*** MATERIAL PROVIDED Section Begins ***
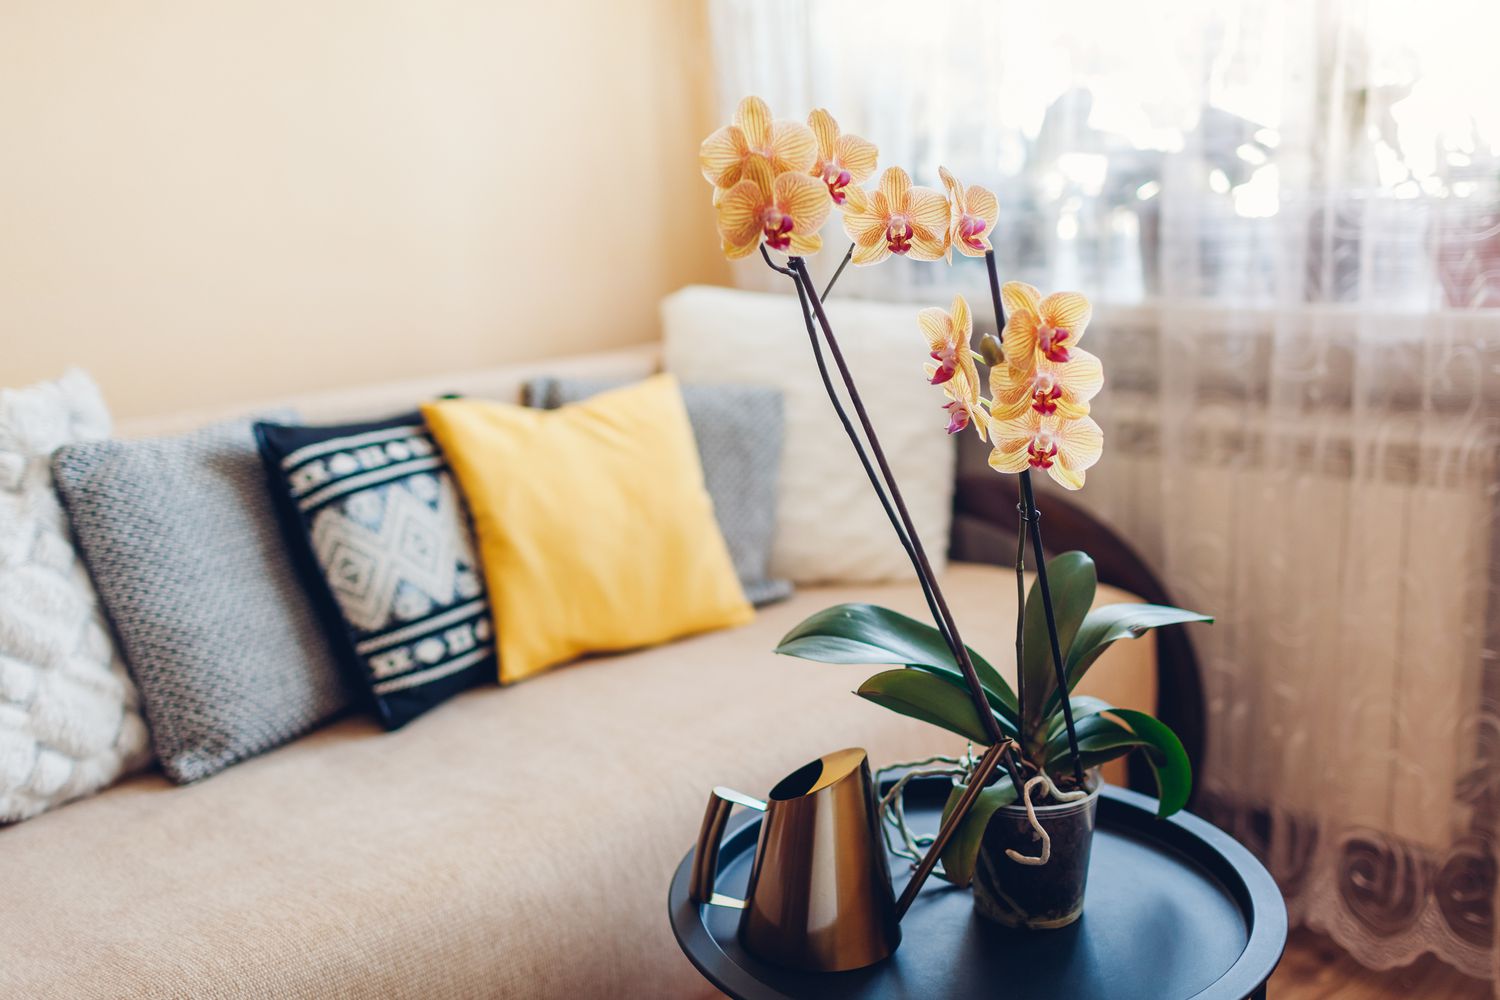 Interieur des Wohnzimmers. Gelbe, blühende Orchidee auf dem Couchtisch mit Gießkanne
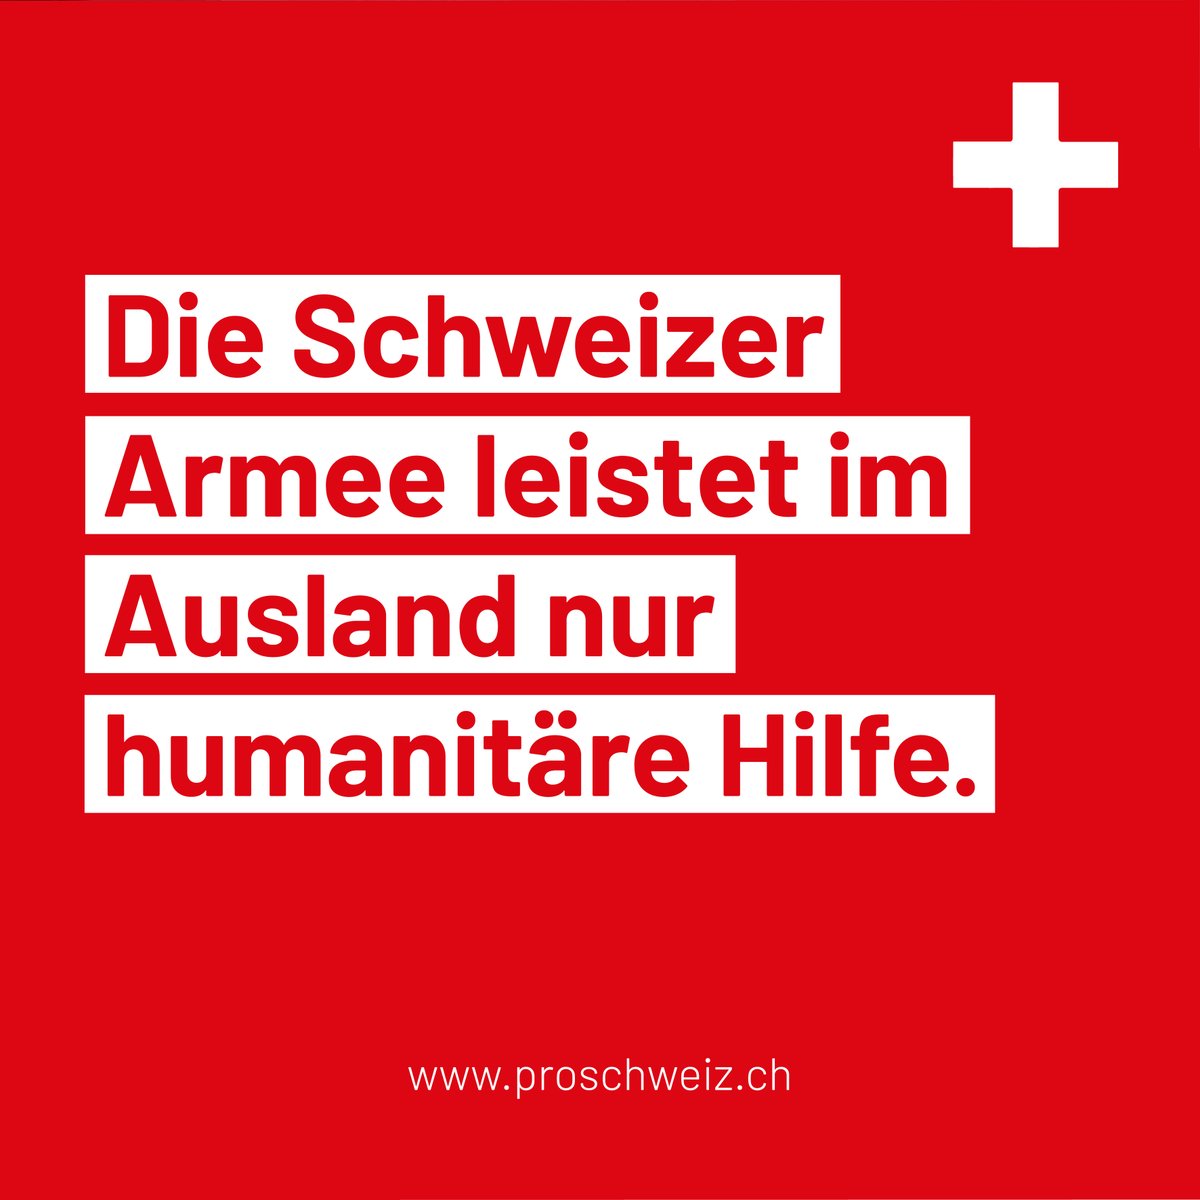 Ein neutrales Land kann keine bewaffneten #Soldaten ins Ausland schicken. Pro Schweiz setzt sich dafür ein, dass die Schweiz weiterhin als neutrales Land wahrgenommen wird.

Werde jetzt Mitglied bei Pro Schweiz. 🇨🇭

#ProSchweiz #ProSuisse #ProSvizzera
*** MATERIAL PROVIDED Section Ends ***
Extract the full listing above verbatim; pictures are to be left out of the copy.

 Interieur des Wohnzimmers. Gelbe, blühende Orchidee auf dem Couchtisch mit Gießkanne
 Ein neutrales Land kann keine bewaffneten #Soldaten ins Ausland schicken. Pro Schweiz setzt sich dafür ein, dass die Schweiz weiterhin als neutrales Land wahrgenommen wird.

Werde jetzt Mitglied bei Pro Schweiz. 🇨🇭

#ProSchweiz #ProSuisse #ProSvizzera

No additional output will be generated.